WORK TASK:
Please quote exactly the lines below from the line containing "cyberpunk, coat, black" to the line containing "dutch angle, standing, high-angle view", both lines included, and nothing else.

RECORDS TO USE:

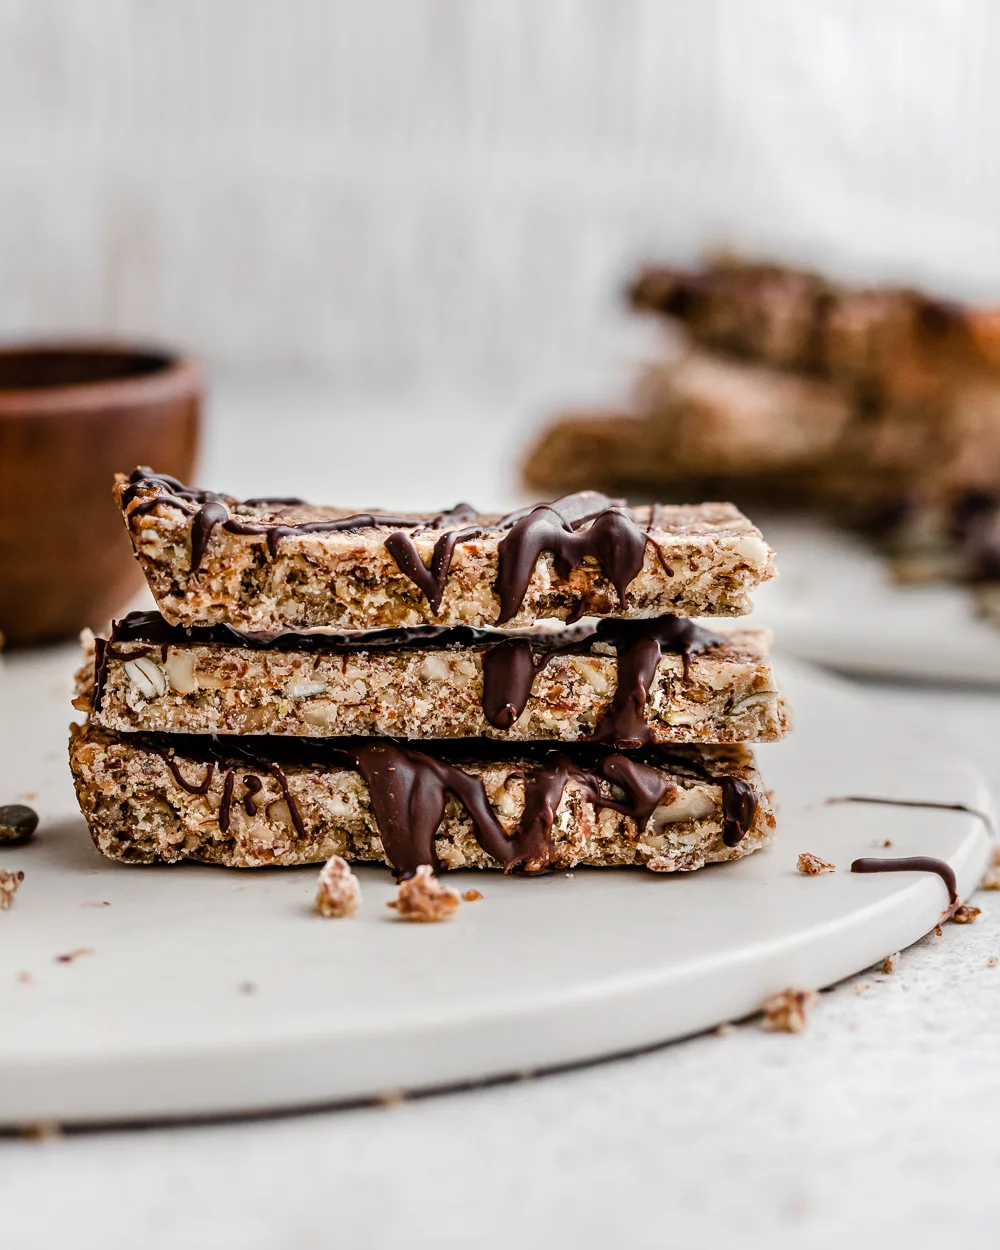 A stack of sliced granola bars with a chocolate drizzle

* * *

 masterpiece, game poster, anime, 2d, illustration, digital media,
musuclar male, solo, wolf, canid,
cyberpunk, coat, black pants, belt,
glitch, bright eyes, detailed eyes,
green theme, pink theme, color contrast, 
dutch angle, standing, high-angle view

...

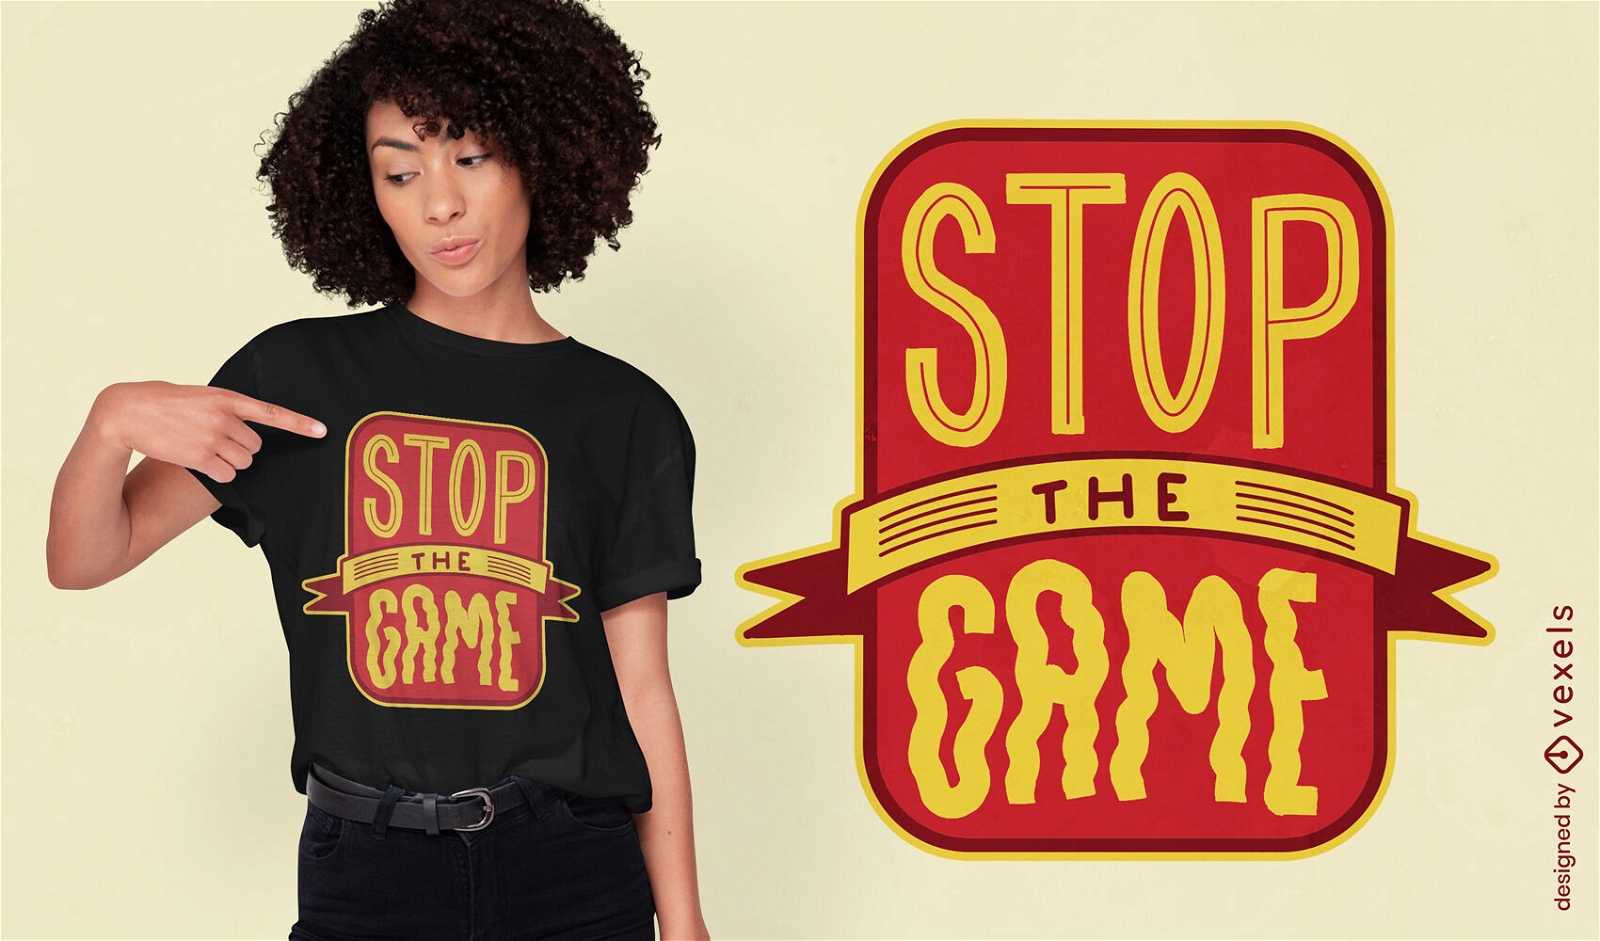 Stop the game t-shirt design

YOUR SOLUTION:
cyberpunk, coat, black pants, belt,
glitch, bright eyes, detailed eyes,
green theme, pink theme, color contrast, 
dutch angle, standing, high-angle view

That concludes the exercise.